Sunday, January 22, 2012

Today, I went looking for something I suspected to be in my print journal from 1996 and was saddened to remember the 1995-96 volume was the one that was stolen in Mississippi (who steals a backpack in front of a church from kids on a Habitat for Humanity build?). I remember being devastated, not because I lost anything of financial value (I probably had 5 bucks in my wallet) but because I lost everything else: a sheaf of poems from the workshop I was in that spring, notes on my senior seminar paper on Paradise Lost, a couple good mix cassettes & my cheapo walkman, my favorite hairbrush, and most importantly the mead composition book that was nearly filled from a previous years journal writing. It's always felt like a gap in my memory. A hole in my life into which an an entire year vanished..

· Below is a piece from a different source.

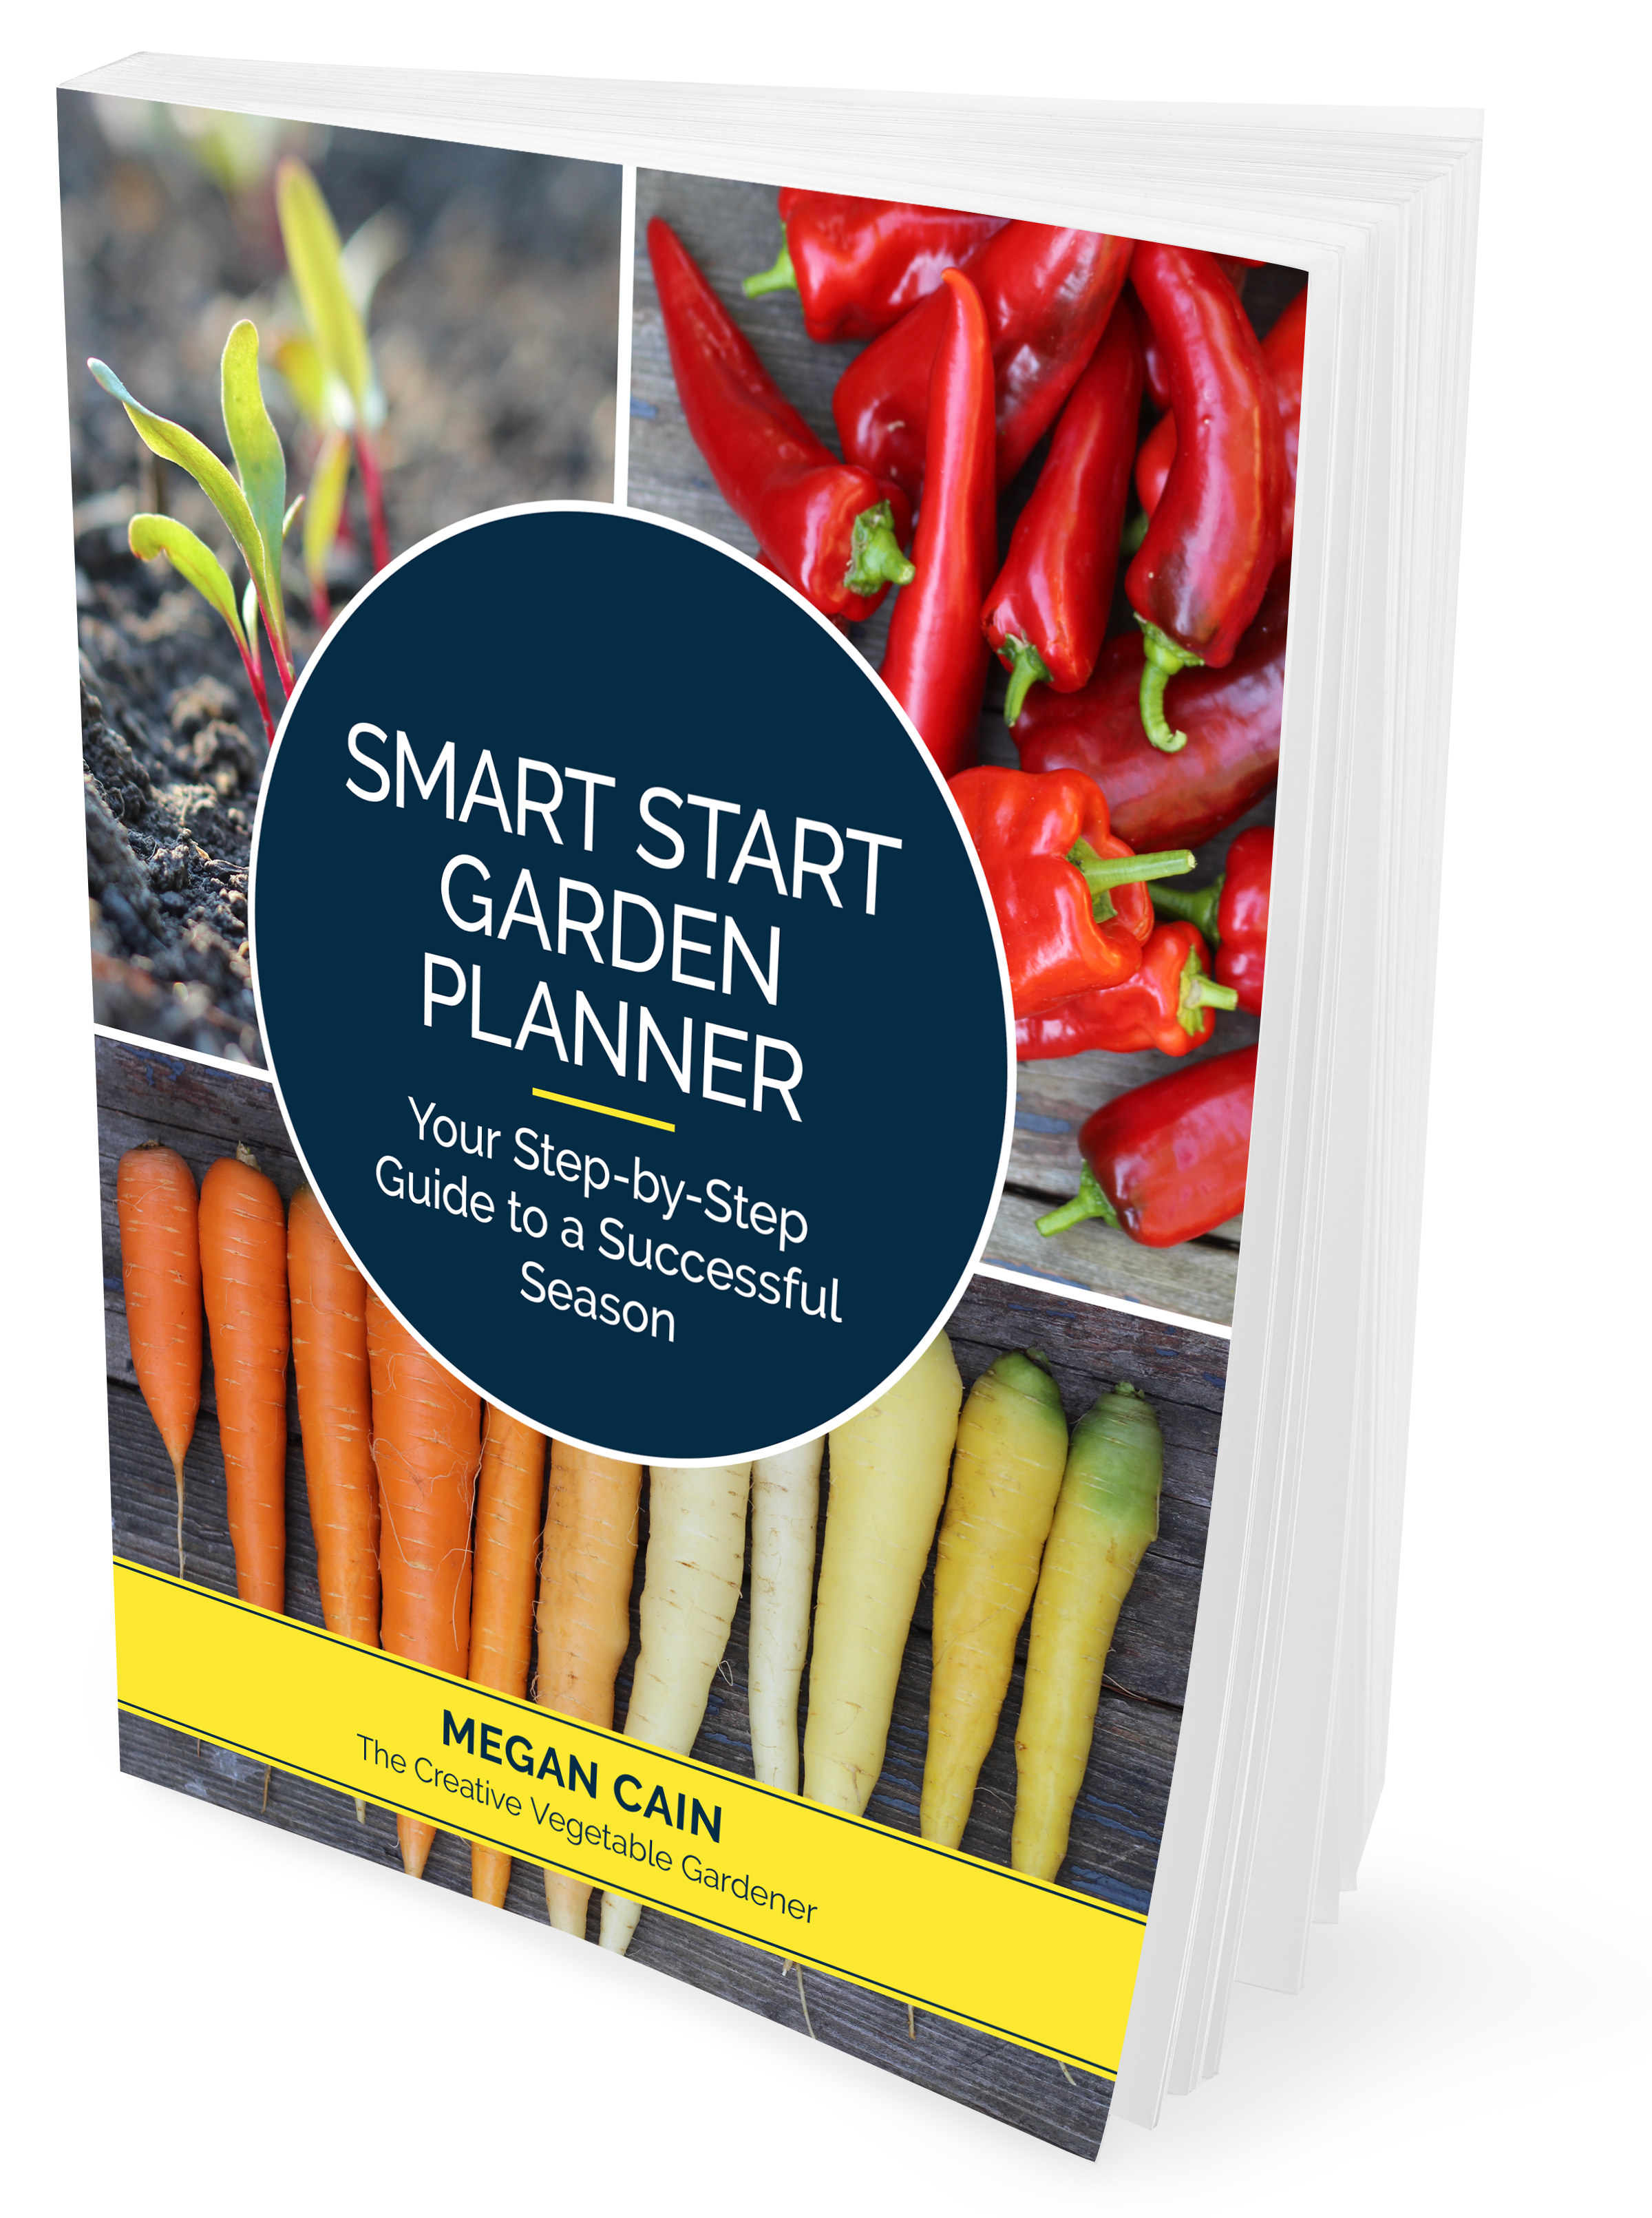  Smart Start Garden Planner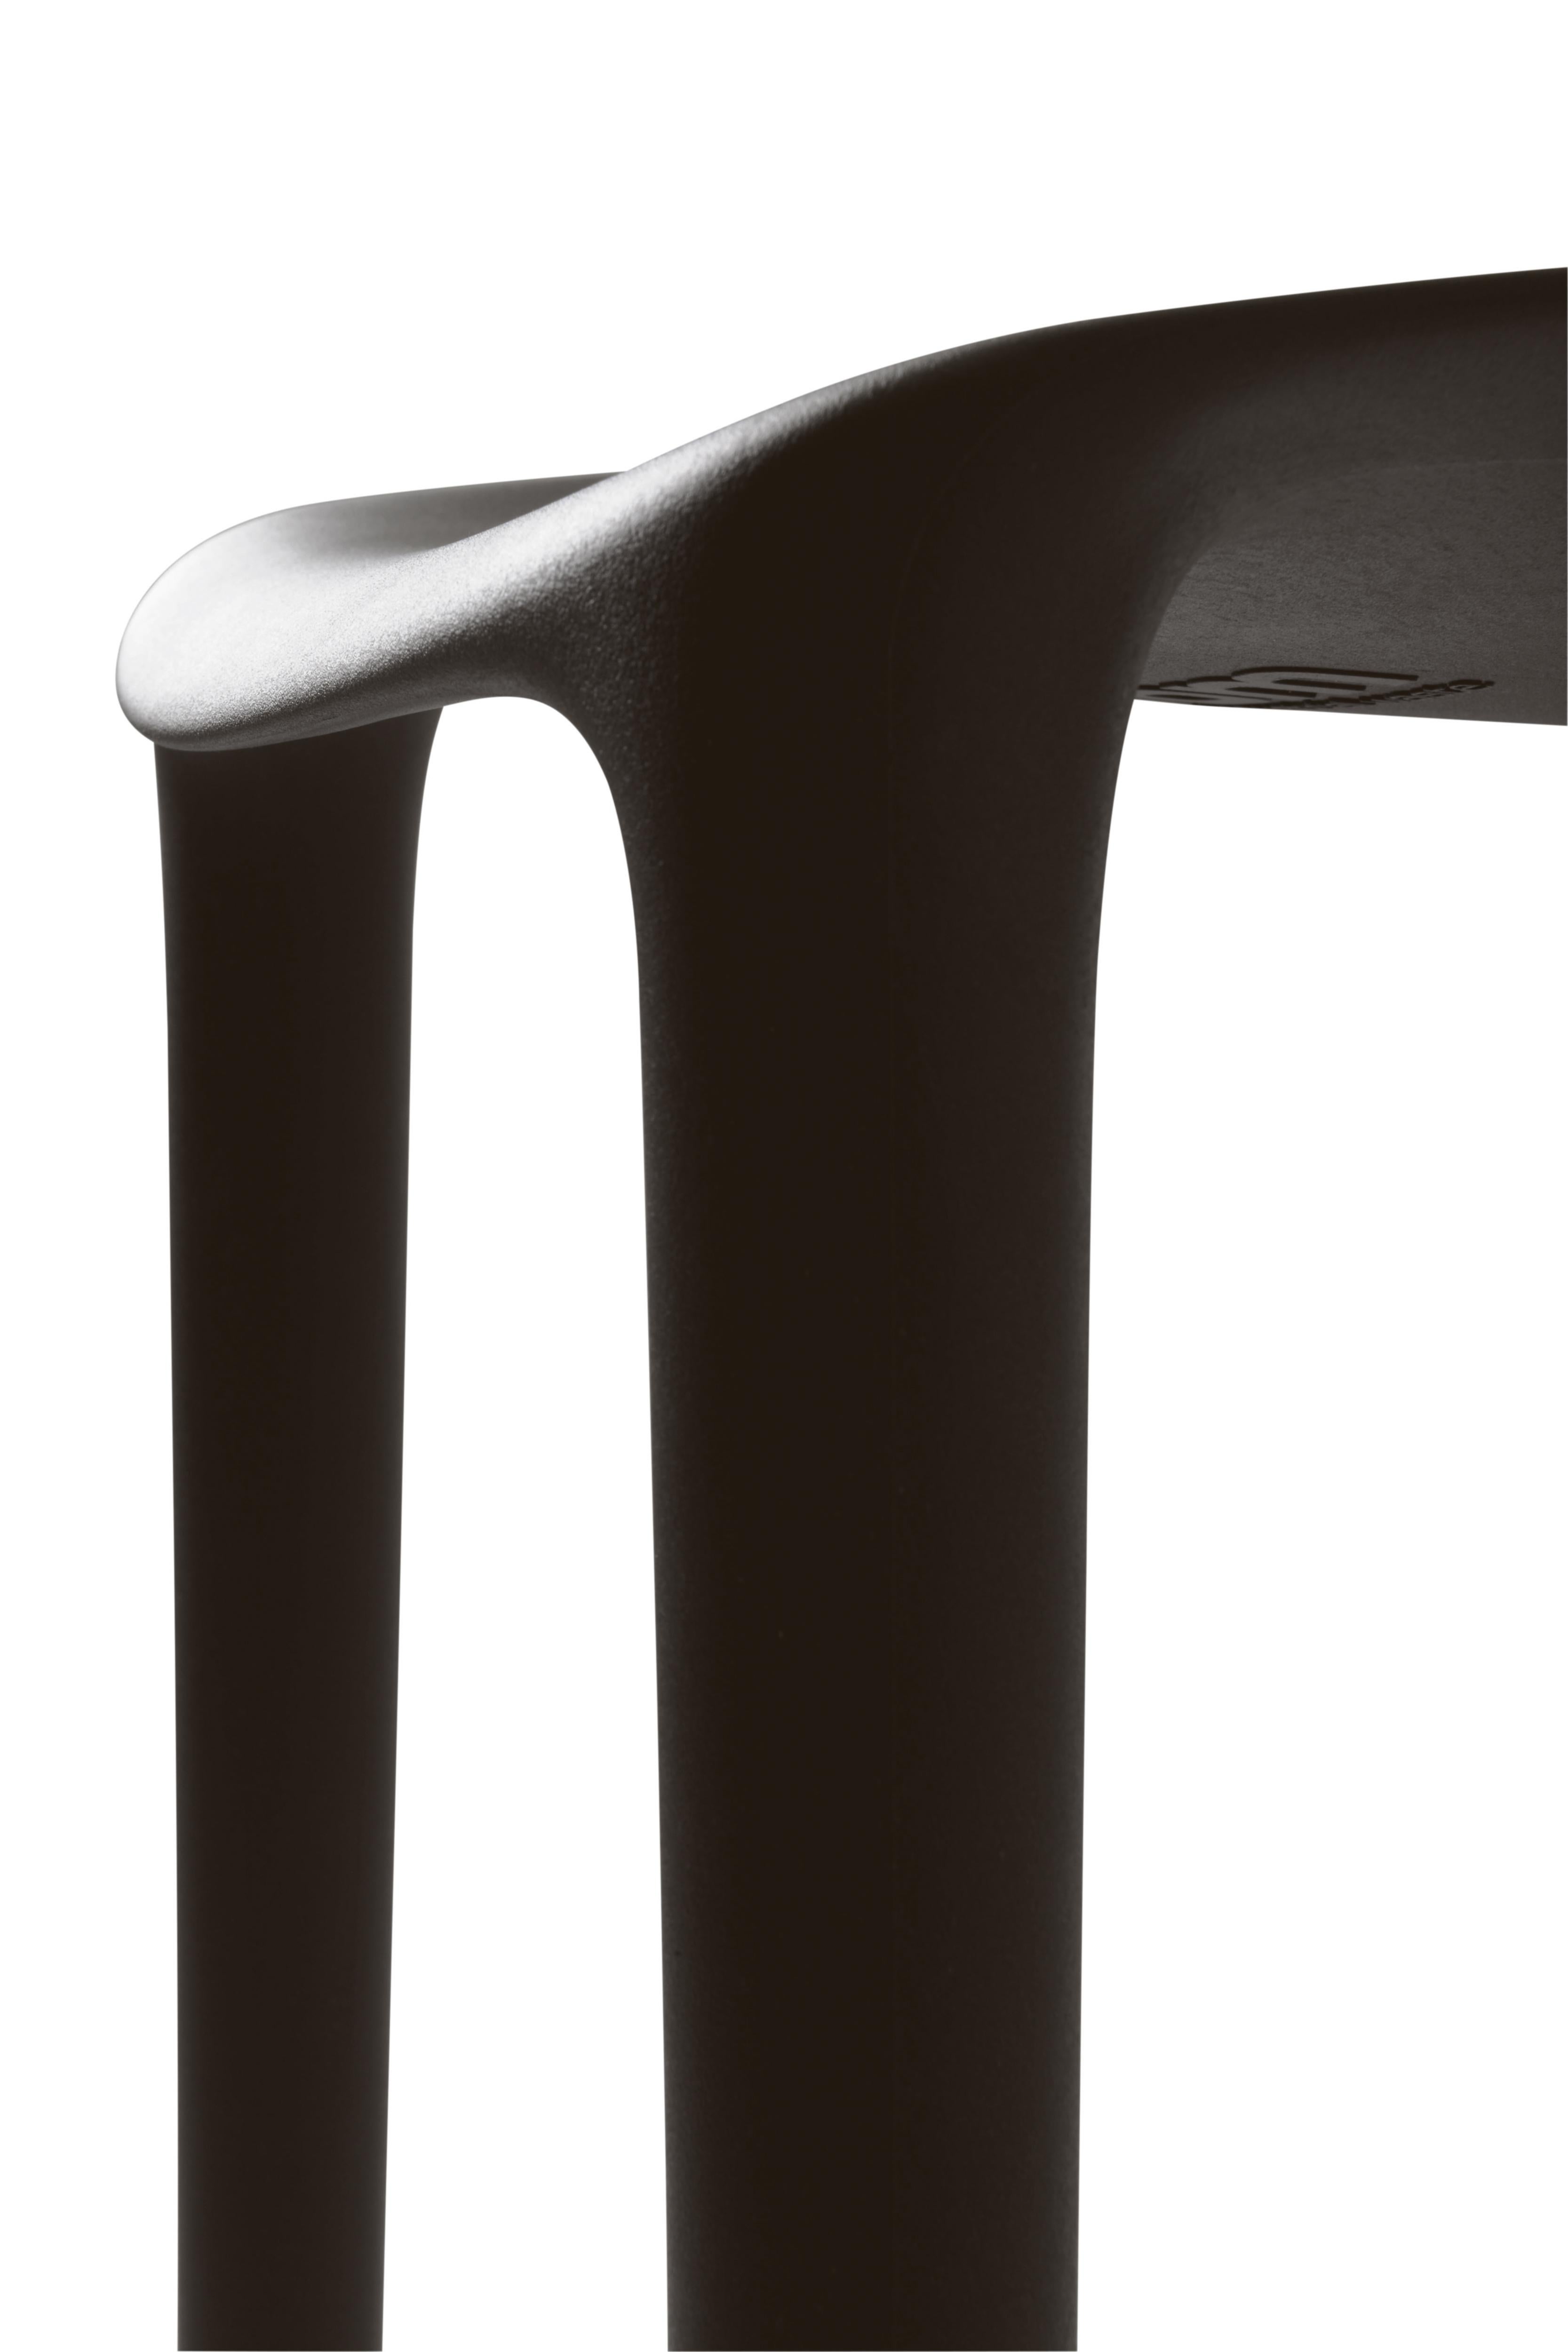 Emeco Broom Stapelbarer Stuhl in Grün von Philippe Starck (Moderne) im Angebot

Truth be told, I have been documenting everything seriously since I was 19, first in those composition books, later in various blogs and online journals. Even before that, I'd been loosely keeping a diary sine I was 14 (mostly filled with bad poetry and rants about my friends, my mother, my grades, my body). I kept the paper versions up til around the summer of 2003 when I started my xanga journal, then remained there til I moved here to blogger in 2005. Every once in a while I try to compare the difference between those private journals and these public ones, and besides seething and occasional negativity (I was all about this in my 20's, thank god I've mellowed in my thirties)..the things I talk about and document are in a similar vein, things I've written, things I've read, dreamed about, saw. These days, I'm much less insecure, hopefully, than I was there (I hope.)

Regardless, they are a touchstone, something I refer to when I can't remember certain timelines, certain details (much in the way I use this blog and facebook now.) They aren't as accessible as the blog, but I keep them right next to my desk at home in the bottom of the wicker file cabinet next to me. If there was a fire, I would probably want to save them (of course, last month's false alarm had me scrambling and worrying about the cats, not belongings.) On one hand I would never want them destroyed. Sometimes, I hope they are destroyed at least before I die and someone else reads them.

Somewhere in my belongings (though I am hard pressed to remember where at the moment-possibly the trunk still in my parent's basement) I have a little pink journal that belonged to my paternal grandmother. There were actually two, one was in pieces, the other was still bound. I've since used the trashed one in art pieces, but the pink one remains intact, and it chronicles the day to day in list form mostly the things she ate for breakfast, the people who visited, store shopping trips. All very mundane, but in some ways fascinating, especially since she's the grandmother I only have flashes of before she died when I was six. The journal fell to my father along with photos, report cards, class pictures, and the other detritus of her life after my step-grandfather died years later. Her scribblings are pretty level headed, devoted only to fact, and not much to opinion or commentary and are therefore far less embarrassing than my own. Should I ever have grand children, I probably wouldn't want them reading my journals (which in some ways makes me wonder if she would mind me reading

Regardless, and more on track, the details aren't there from that year of my life, only what's left in my memory, the journal missing, probably having been tossed along with the rest of the stuff in a trashcan in Starksville after the thief discovered there was only a wad of dollar bills and no credit cards in the wallet. Or worse, maybe he put on the headphones, rocked out to Tori Amos and 10,000 maniacs, and read the whole thing. Yikes.